**Exercise brief:**
Pictures are to be left out, and only the lines below starting at the one with "French police officers" and ending at the one with "Sequencing Serendipity" are to be reproduced, each exactly, both ends included.

**Given data:**

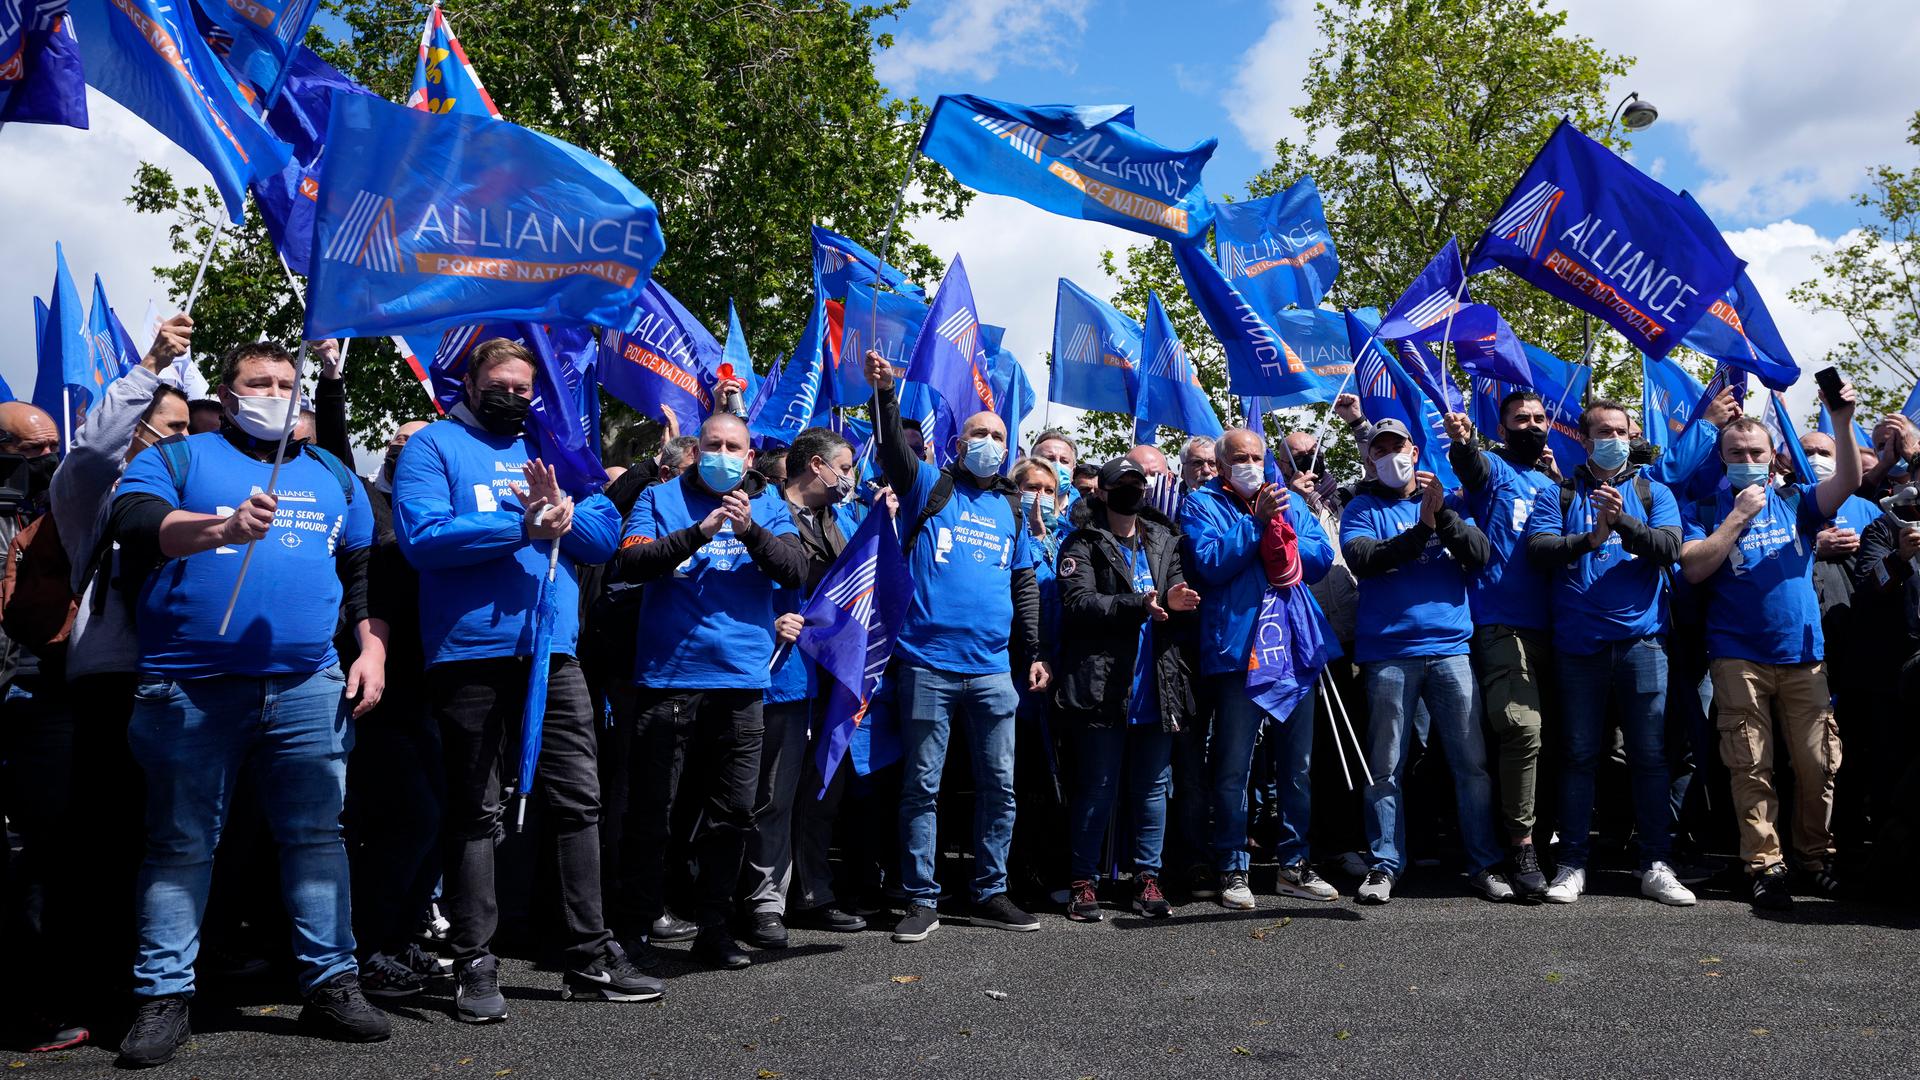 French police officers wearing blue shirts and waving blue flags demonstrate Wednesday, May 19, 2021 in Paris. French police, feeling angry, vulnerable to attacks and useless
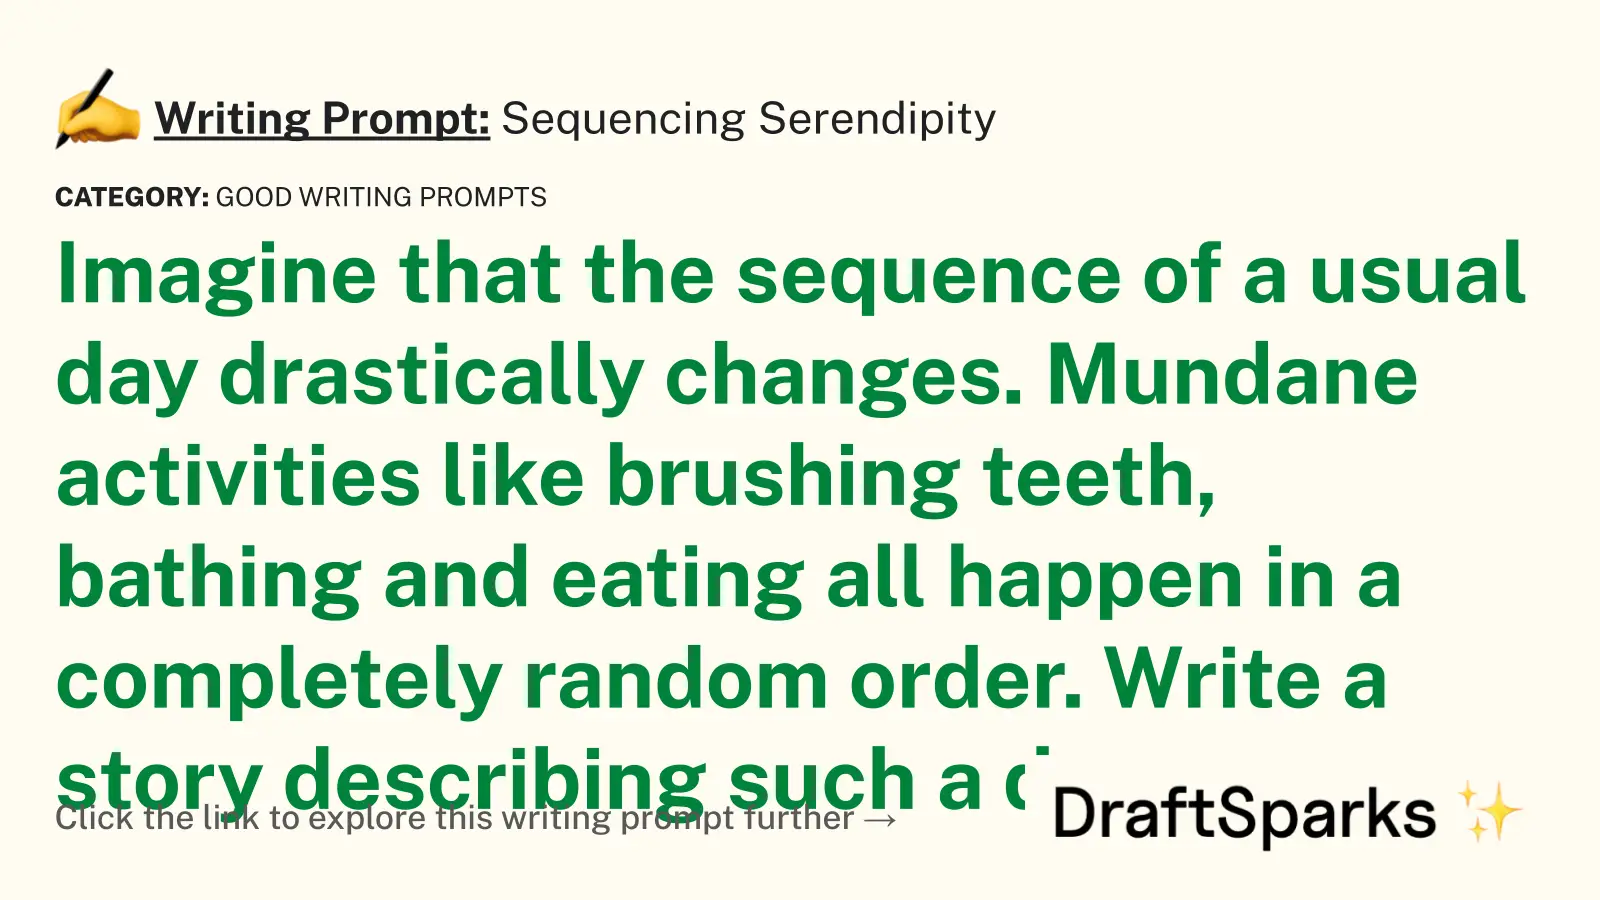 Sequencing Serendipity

--

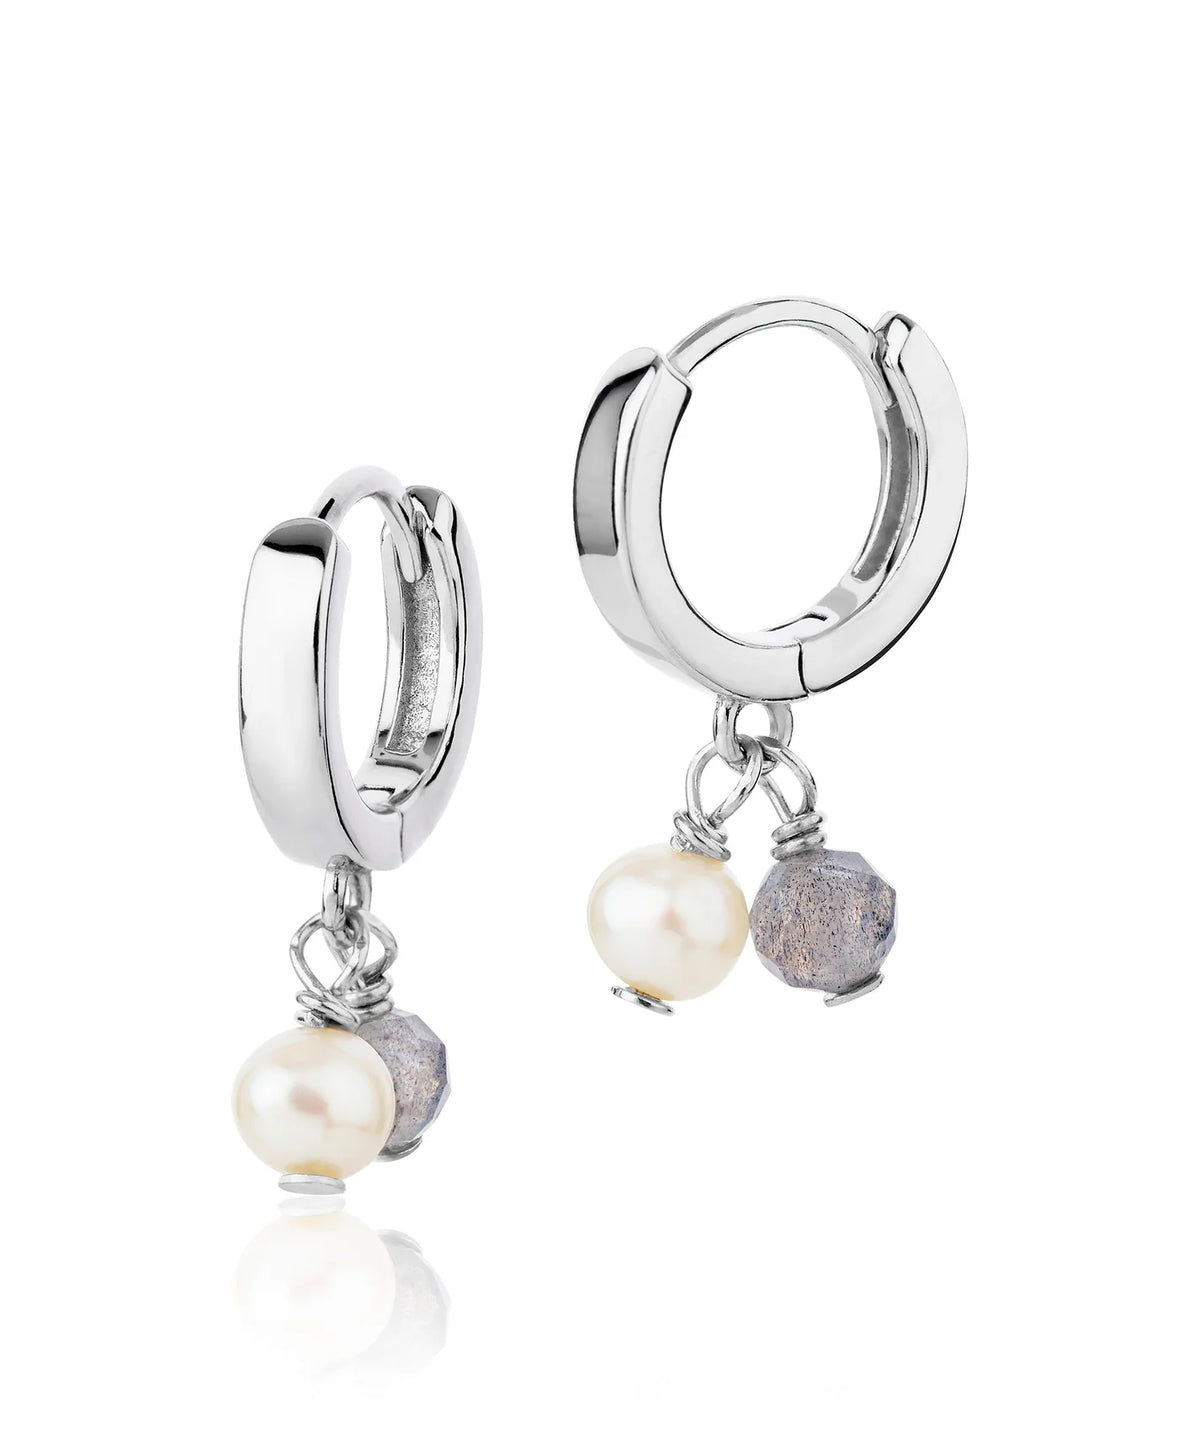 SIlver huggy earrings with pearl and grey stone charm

**Your solution:**
 French police officers wearing blue shirts and waving blue flags demonstrate Wednesday, May 19, 2021 in Paris. French police, feeling angry, vulnerable to attacks and useless
 Sequencing Serendipity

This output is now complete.